Her smile trembled. “Rebuilt,” she repeated. “I can live with that.”

He leaned in, slow enough for her to see him coming, and kissed her.

It started soft; a question, not a demand. She answered it with the way her hand slid up his chest, fingers curling at the back of his neck. He deepened it gradually, letting the world drop away until there was nothing but the gentle sway of the boat and the press of her mouth against his.

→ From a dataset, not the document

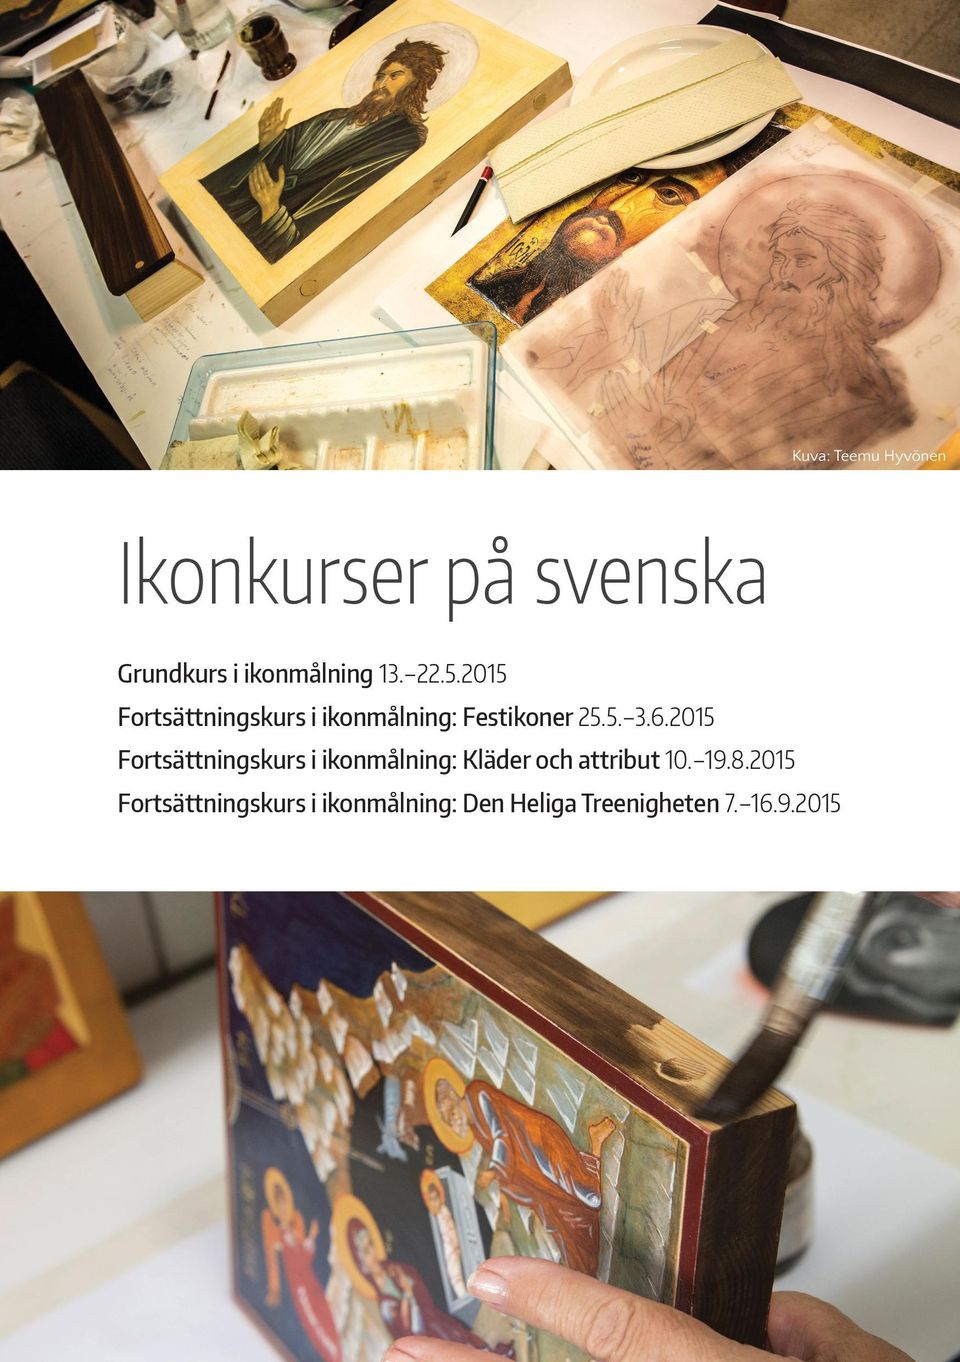 2015 Fortsättningskurs i ikonmålning: Kläder och attribut 10. 19.8.

She shifted closer, one knee pressing against his thigh. He set his free hand on her hip, anchoring her. The kiss turned hotter, the kind of slow burn that had his pulse pounding and his brain shorting out in the best possible way.

She broke away on a breath, eyes dark. “This counts as a normal date, right?” she asked, voice a little rough.

“Pretty sure,” he said. “We have a boat, a view, and the possibility of getting sunburned in awkward places.”

She laughed; the sound slid right into his bloodstream. “Then I’d say it’s going well.”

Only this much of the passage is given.